Tea is offered and accepted. Peter tells me that Mr Saieed also used to have a pottery in Garagos. This also comes as a big surprise as another pottery in the village has never come up in conversation before. As the conversation progresses I ascertain that Mr Saieed used to work at the Garagos pottery but for various reasons he left to set up his own pottery. Not only did the family do pottery but weaving was also parts of the crafts they produced. Danielle's mother goes into another room and comes back with a necklace made from seashells which she gives to me. The necklace is lovely and I thank her for the gift. She tells me that they used to make them and sell them when tourists used to visit the pottery.  I ask how long it is since the pottery was here and Mr Saieed says about four years.  When I speak to Peter later he tells me that it was much longer than this.

I'm not sure whether Peter told Mr Saieed that we were interested in researching the history of Garagos but before I knew it, a table has been put in front of me and Romani brings from another room a large bag of photographs. We spend the next hour or so going through the photographs which we both find very interesting. Romani periodically disappears into another room but then brings back a piece of pottery. These are also given to us as gifts. The pottery that we see here is similar to the Garagos pottery but Mr Saieed's work is more detailed – more artistic.

He tells us that he did exhibitions in America and Russia and shows us the corresponding photographs with various dignitaries he met at the events. I have seen some of the family photographs before as they appear in the albums of Peter's father. One photograph that is very interesting is one that was taken in Peter's family home. It features various relatives, Father Montgolfier who established the dispensary in the village and also commissioned the building of the Garagos Pottery by the architect Hassan Fathy, a Catholic sister, Peter's father, Peter's grandmother and also his mother who is holding a baby. The baby is Peter.

Although I have seen this photograph before, it now strikes me as really fascinating. I had spent the last few months trying to find out more information about Father Montgolfier via the internet (and not really discovered anything) that I had almost forgotten that this man (who had become a legend in my mind) was a very big part of lives of Peter's family.

These photographs speak volumes about this place in a particular time.
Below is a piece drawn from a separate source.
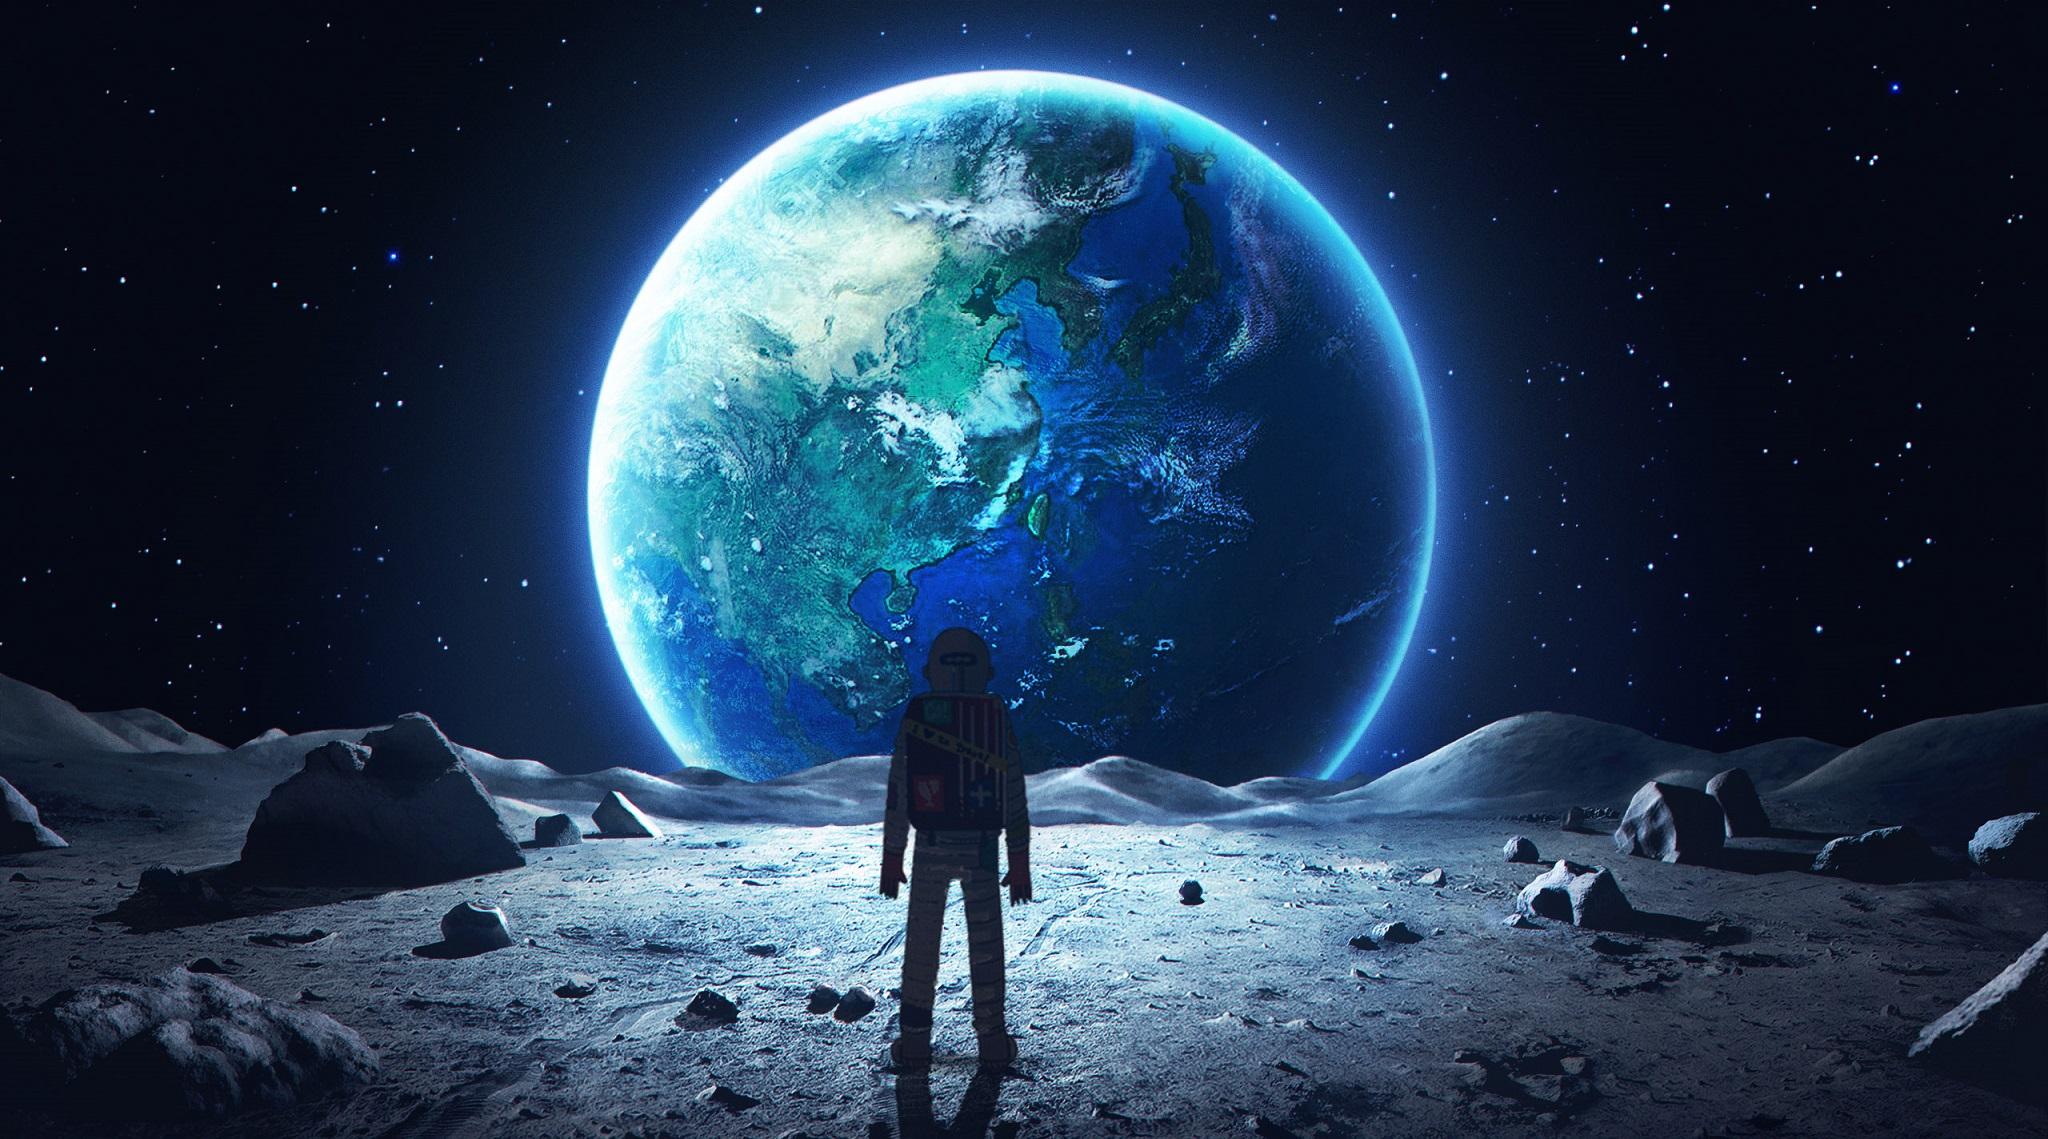 金馬得主徐漢強VR新作《星際大騙局 之 登月計畫》奇幻影展世界首映

We are  shown further photographs of the weaving looms, traditional musicians, a Sukkah who is a man that walks the village selling water from a vessel strapped to his side. There is a photograph of Peter's grandfather Zakria weaving palm baskets – this photograph was part of a display that Uncle Saieed used at his exhibitions. The photograph is described as “An Egyptian peasant makes a basket from palm branches, an ancient Egyptian tradition.”

I think by now we have been hear for nearly two hours and know that Peter's father will be wondering where we are. We say goodbye to Mr Saieed and his family and walk back to the family house. We go up to the first floor where Peter's father looks at me and raises his hands as if to so “where have you been?” Once Peter tells him that we have been looking at old family photographs with his Uncle Saieed he seems happier. Margreet had been to the house with the twins but had returned home as we had taken so long.

There is now only Peter's parents and us in the house – unusual as there always sees to be visitors. We spend the rest of the evening watching the television – mainly the political channels. The occasional debate between Peter and his parents take place but they never agree when it comes to politics and Peter knows they will never find common ground so knows when to quit.

It's beginning to get chilly so we go to bed about 9.00pm.